Все-таки бред. Не сам же он с собой говорит… Это не может быть голос Святой Птицы… Она спросит у Игара после смерти: почему снял храмовый знак?!
Рубаха на его спине треснула, вечерний ветер лизнул обнаженную кожу.
— Не надо… — пискнул он едва слышно.
— Не напрягайся. Расслабь мышцы. Не бойся, расслабь.
Бред.
— Не на…
Под лопатку ему вонзилось жало — во всяком случае, он решил что это жало, дернулся и замер в ожидании смерти.
Смерти не наступило. По телу разливалась теплая, расслабляющая волна.
— Спокойно.
Рывок. Половина нитей, стягивающих Игара, с отвратительным треском разошлась; он не испытал облегчения. Ноги болтались, как чулки с песком.
Потом небо с разгорающимися звездами повернулось и легло на бок.

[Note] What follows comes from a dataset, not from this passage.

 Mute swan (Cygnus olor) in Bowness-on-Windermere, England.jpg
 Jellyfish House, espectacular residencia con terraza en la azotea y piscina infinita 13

Игар схватил воздух ртом; перед его глазами оказалась твердая земля вернее, наклонная стенка оврага, укрытая шубой из прошлогодних листьев, пахнущая травой и влагой.
— Попробуй встать, — сказали у него над головой.
Он послушно попытался сесть, поднял правую руку, удивленно посмотрел на безжизненные белые пальцы, все в отвратительных клочьях паутины — и, будто ошпаренный, подскочил и завертел головой в поисках Илазы.
Ее светлое платье выделялось среди ветвей. Лица Игар не видел лишь слышал сбивчивое, натужное дыхание.
Он с трудом проглотил тягучую слюну:
— Кто… здесь… Кто?!
Шелест ветра в кронах. Неподвижная Илаза в сетях; что-то мешает. Что-то маячит в стороне, сверху, невозможно большое, бесформенное, что это, что…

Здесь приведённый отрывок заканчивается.